To enumerate unitigs of the Betula-specific subgraph:

obikmer unitig myindex \
  --ingroup  "genus=Betula" \
  --outgroup "*" \
  --min-count 2 \
  --max-outgroup-count 0

Command-specific options

dump --head N

Stops output after the first N k-mers that pass all active filters. Iteration terminates immediately — subsequent partitions and layers are not scanned. Useful for quick inspection of large indexes without loading the entire dataset.

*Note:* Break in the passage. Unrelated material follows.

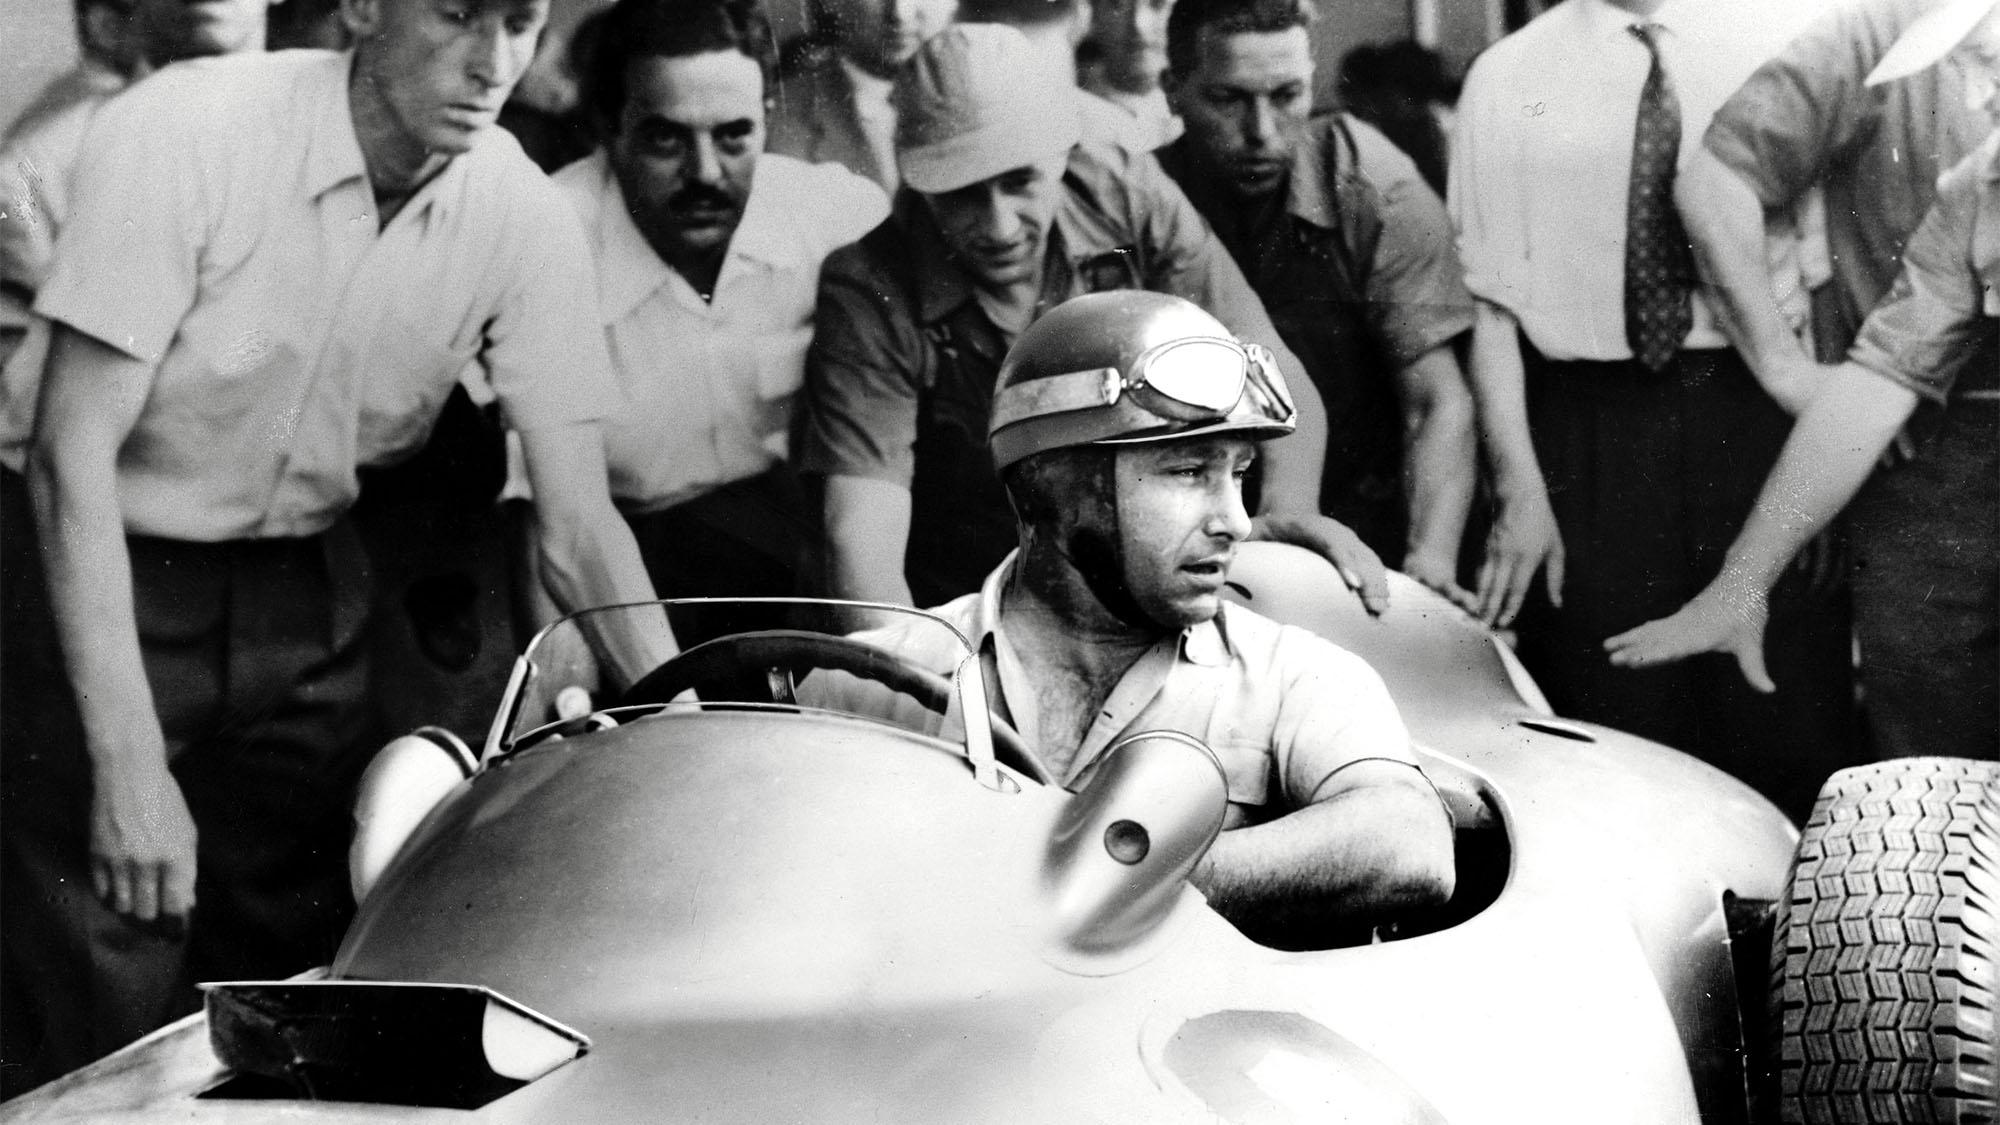 MOTORSPORT - F1 1955 - ARGENTINA GP - BUENOS AIRES - PHOTO: LAT / DPPI JUAN MANUEL FANGIO (ARG) / MERCEDES W196 DAIMLER BENZ - AMBIANCE - PORTRAIT - WINNER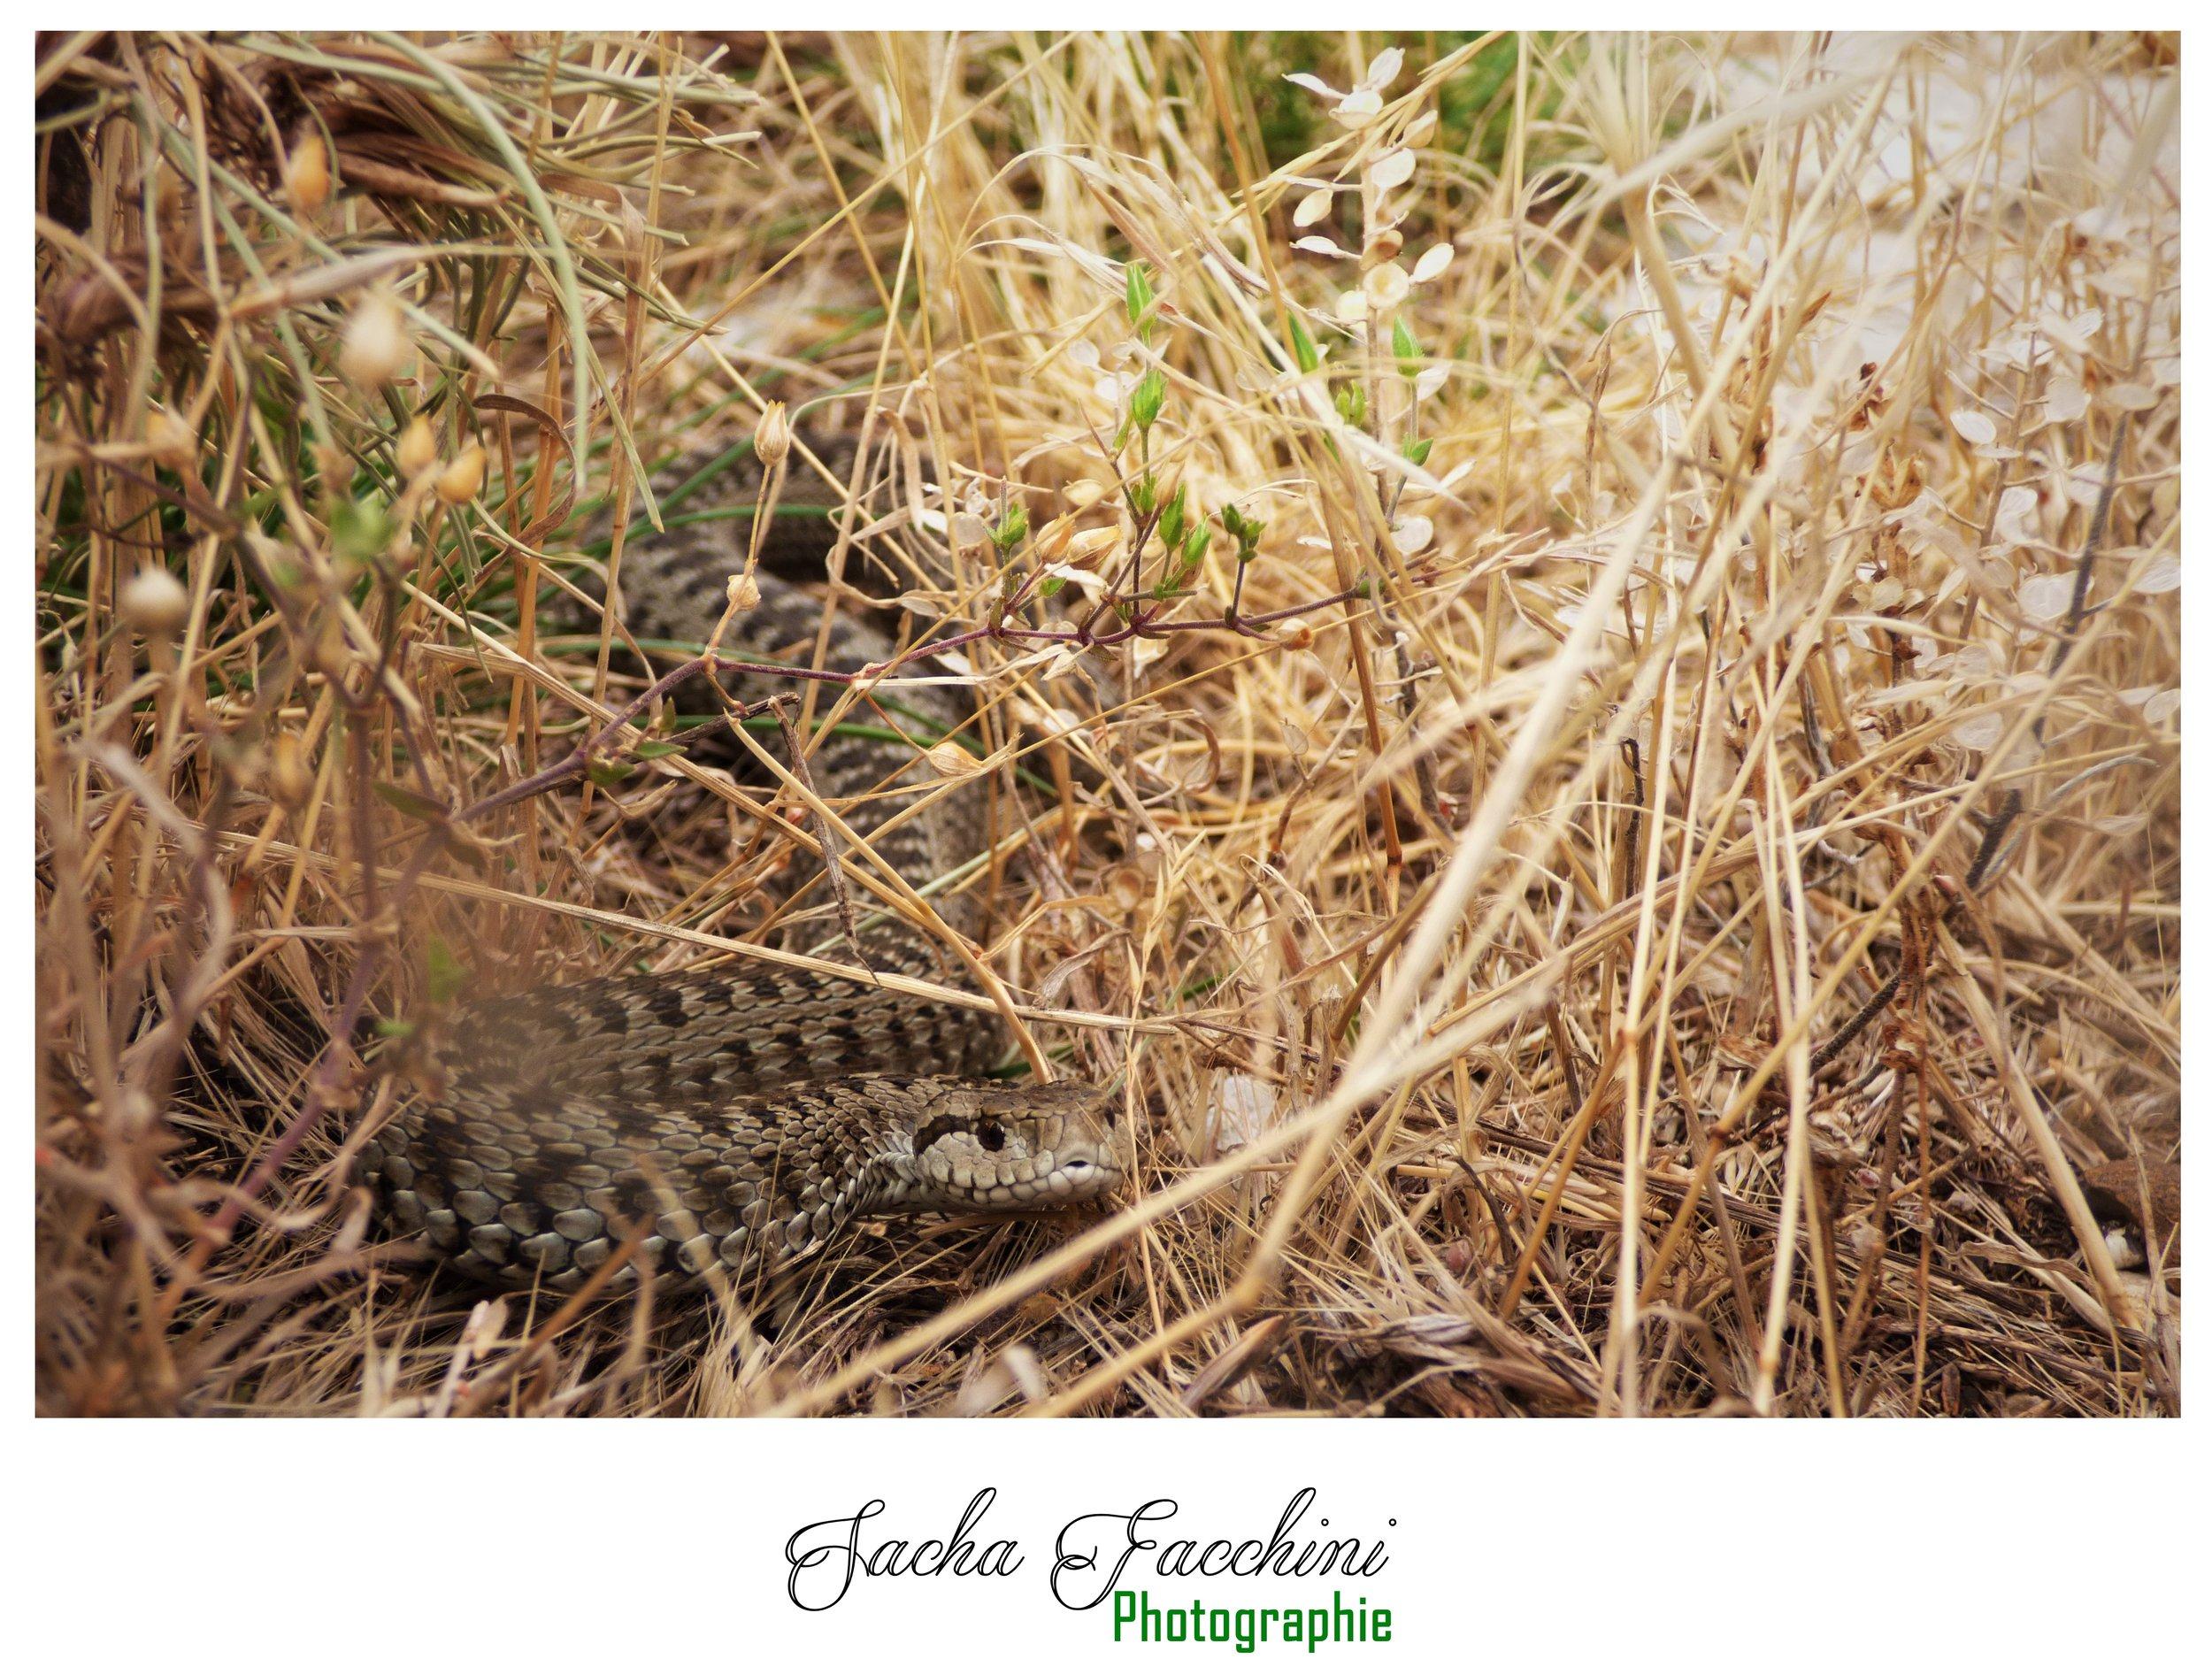 Adulte dans son habitat, Alpes-de-Haute-Provence (04) ©Sacha Facchini

obikmer dump myindex --head 100
obikmer dump myindex --head 20 --ingroup "species=Betula_nana" --min-count 1

distance --presence-threshold N

When computing Jaccard distance on a count index, a k-mer is considered present in a genome if its count is ≥ N (default 1). This option is independent of the --presence-threshold used in filtering.

# Jaccard treating kmers with count ≥ 2 as present
obikmer distance myindex --metric jaccard --presence-threshold 2

This parameter has no effect on presence/absence indexes (where values are already 0/1) or on metrics other than Jaccard.

Implementation

  • obikpartitionner::filter::GroupQuorumFilter — implements KmerFilter using pre-computed ingroup and outgroup index vectors. The heavy logic (predicate parsing, three-value evaluation, genome classification) happens once before any iteration; each k-mer row evaluation is a simple index lookup and counter.

  • obikmer::cmd::predicate::FilterArgs — shared clap argument group embedded via #[command(flatten)] in FilterArgs, DumpArgs, and UnitigArgs. FilterArgs::build_filters() returns a ready-to-use filter list.

  • obikpartitionner::KmerPartition::iter_partition_kmers — accepts filters: &[Box<dyn KmerFilter>] and applies them per-kmer before invoking the callback. filter, dump, and unitig all go through this single entry point.